# TASK DIRECTIONS
Would you copy exactly the lines in the data below from the one that has "Collection de meubles" through the one that has "اللد: إصابة متوسطة لفتى بحادث دهس بالمدينة", dropping any pictures?

INFORMATION PROVIDED START

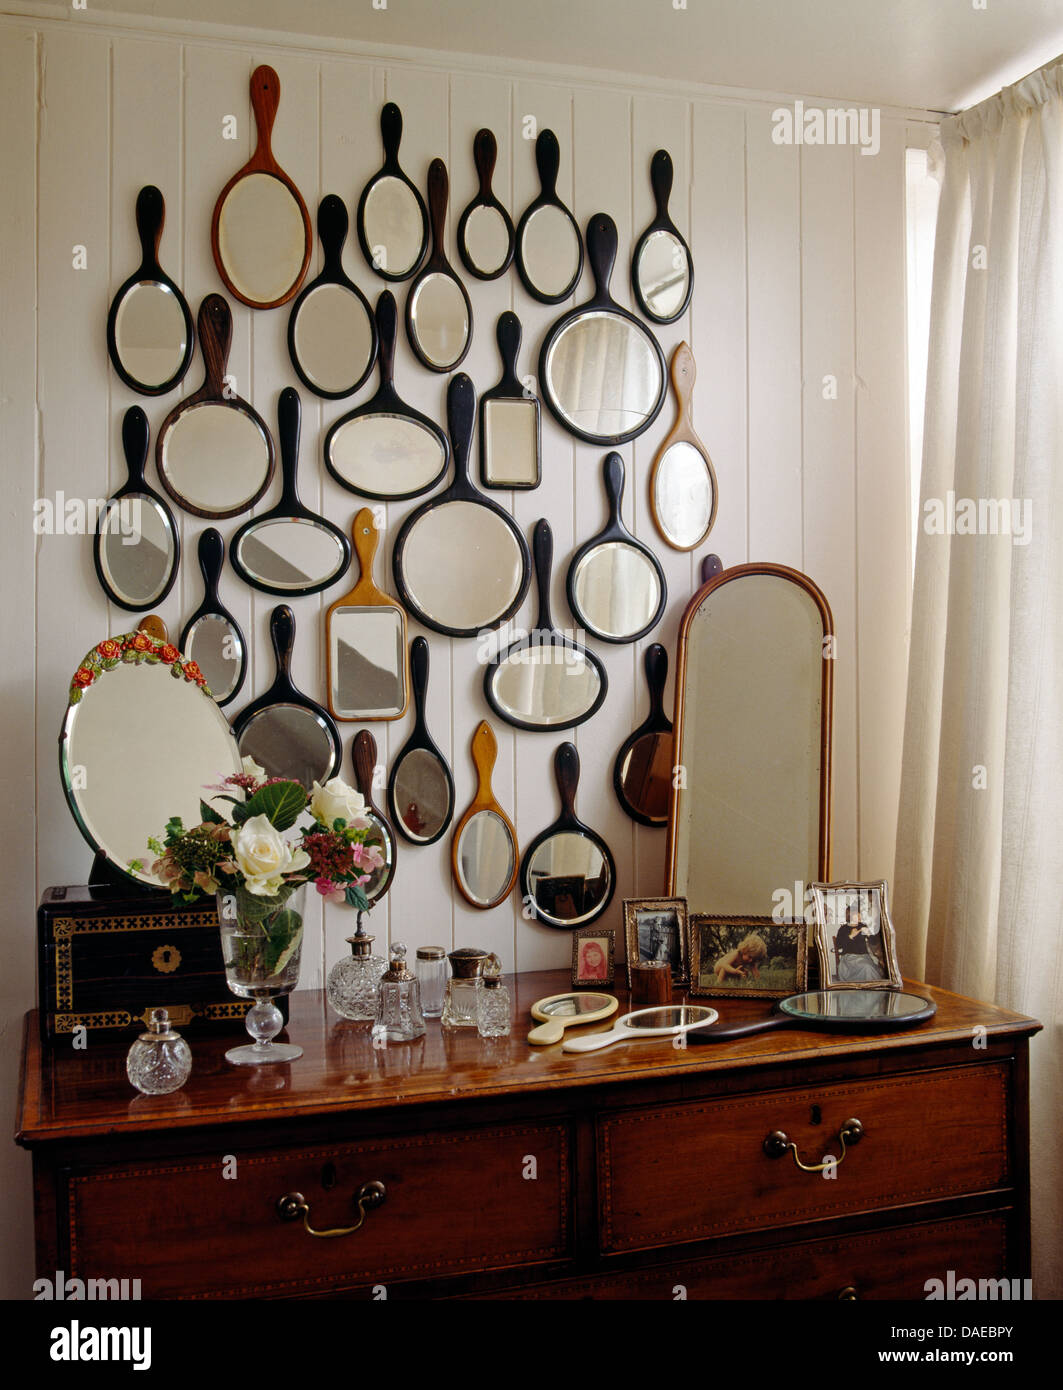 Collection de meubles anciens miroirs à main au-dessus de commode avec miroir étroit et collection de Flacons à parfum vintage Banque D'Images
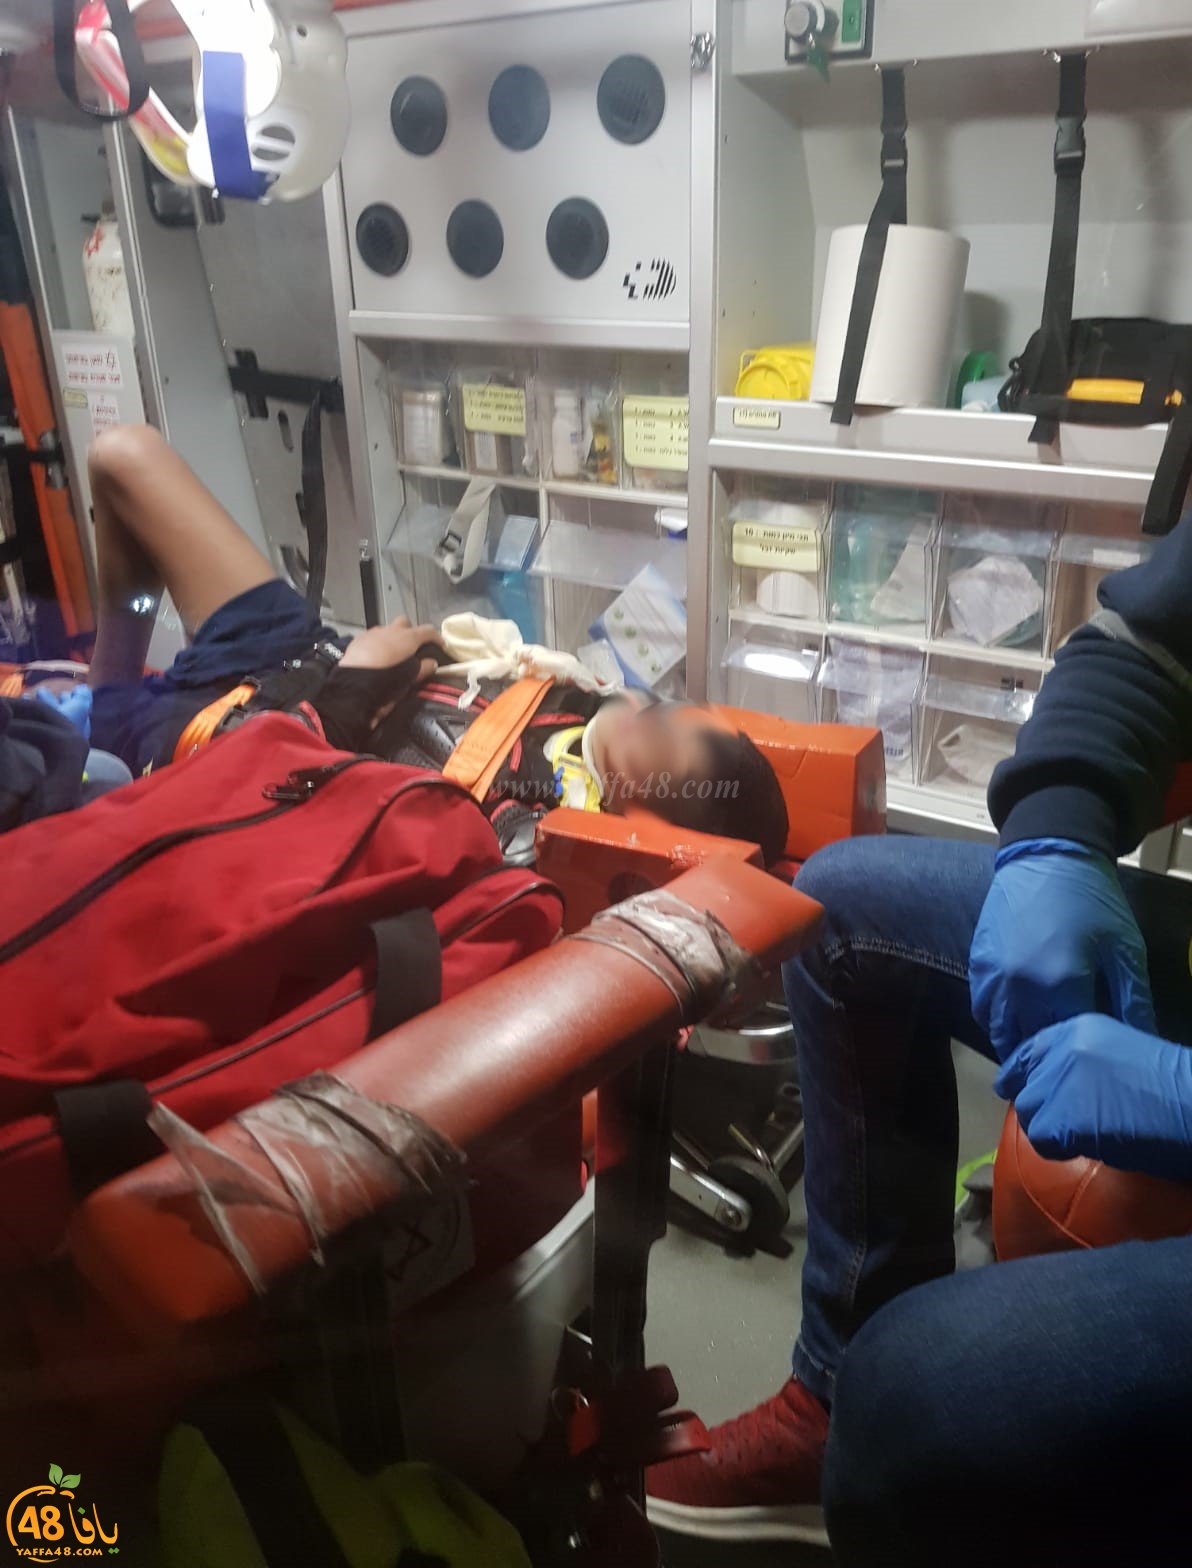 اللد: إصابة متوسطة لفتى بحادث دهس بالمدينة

INFORMATION PROVIDED END
INFORMATION PROVIDED START

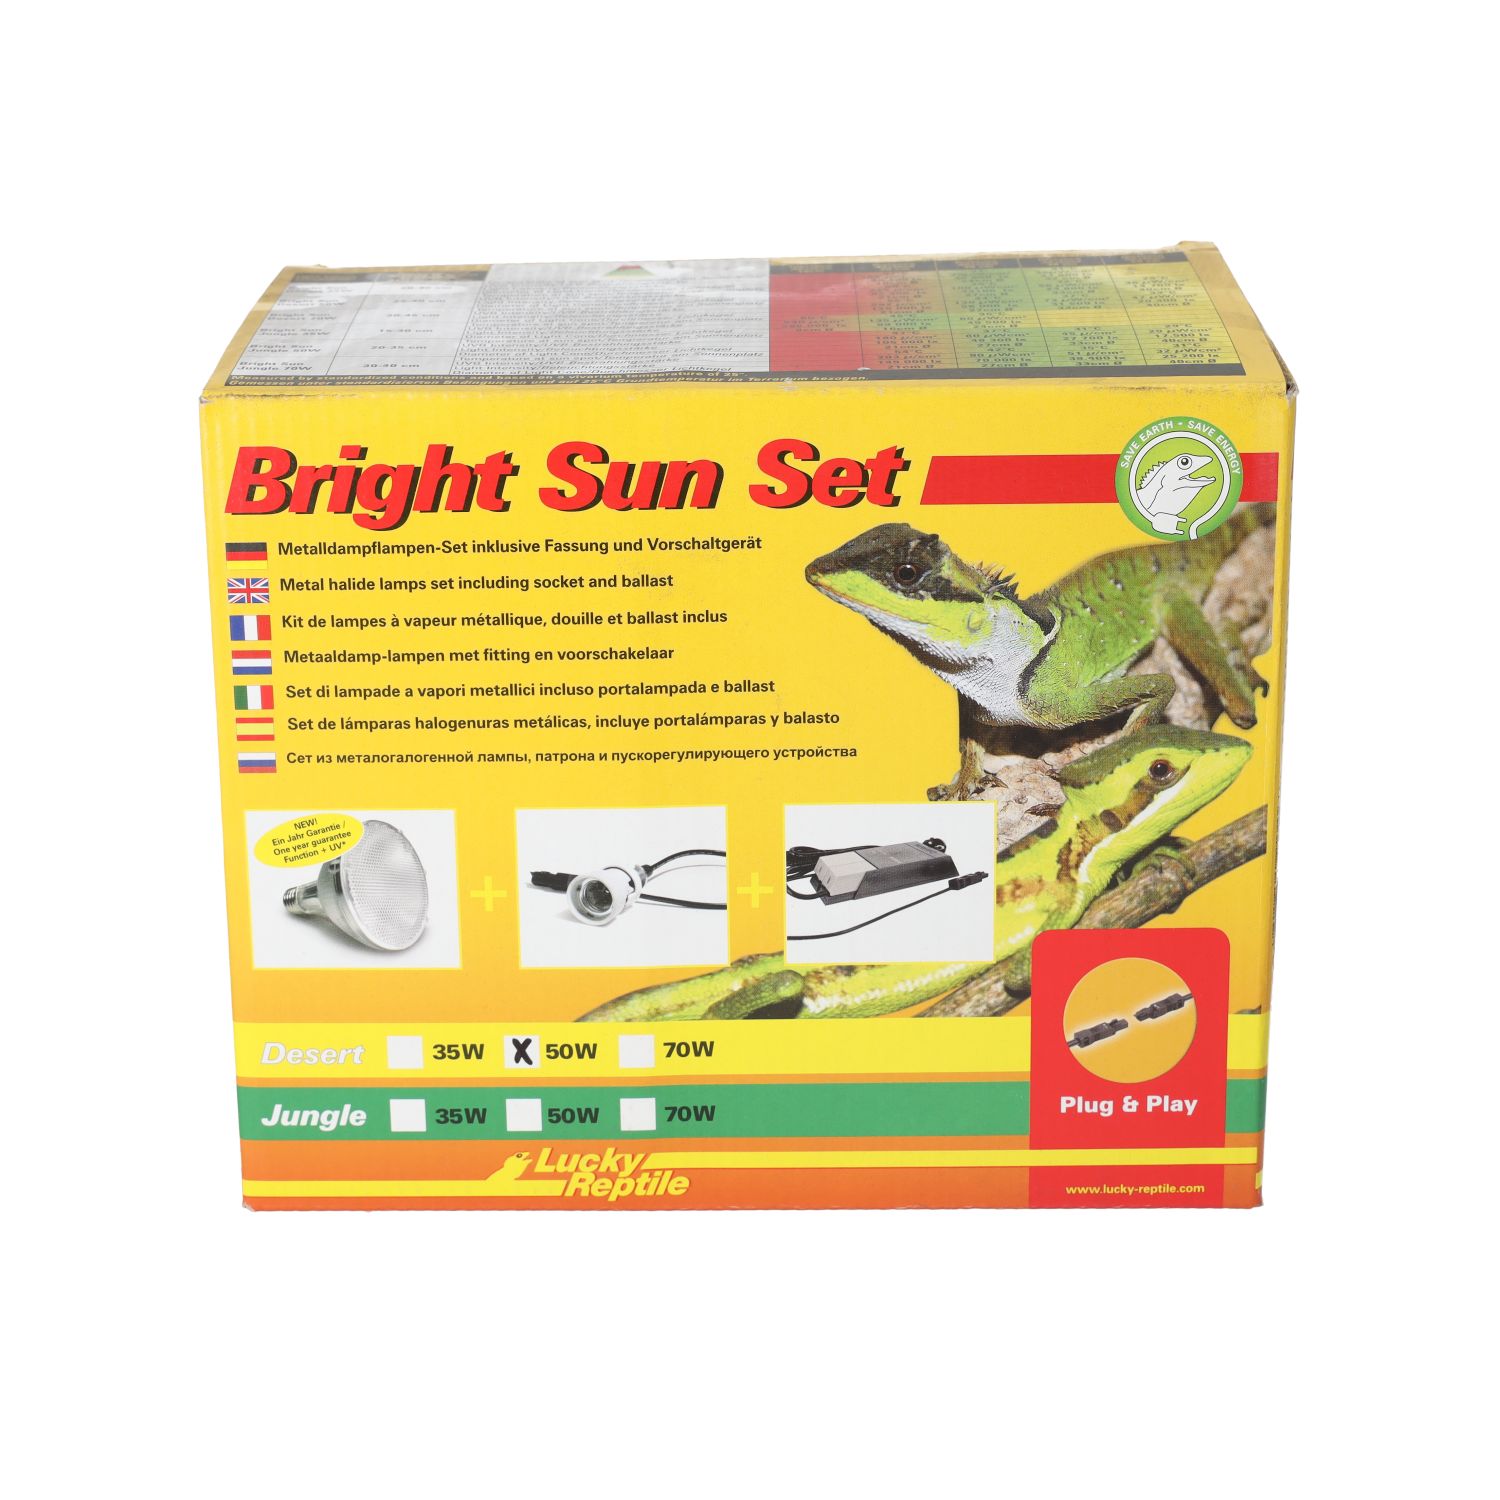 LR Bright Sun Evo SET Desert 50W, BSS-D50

INFORMATION PROVIDED END

# RESULT FOR THIS EXERCISE
 Collection de meubles anciens miroirs à main au-dessus de commode avec miroir étroit et collection de Flacons à parfum vintage Banque D'Images
 اللد: إصابة متوسطة لفتى بحادث دهس بالمدينة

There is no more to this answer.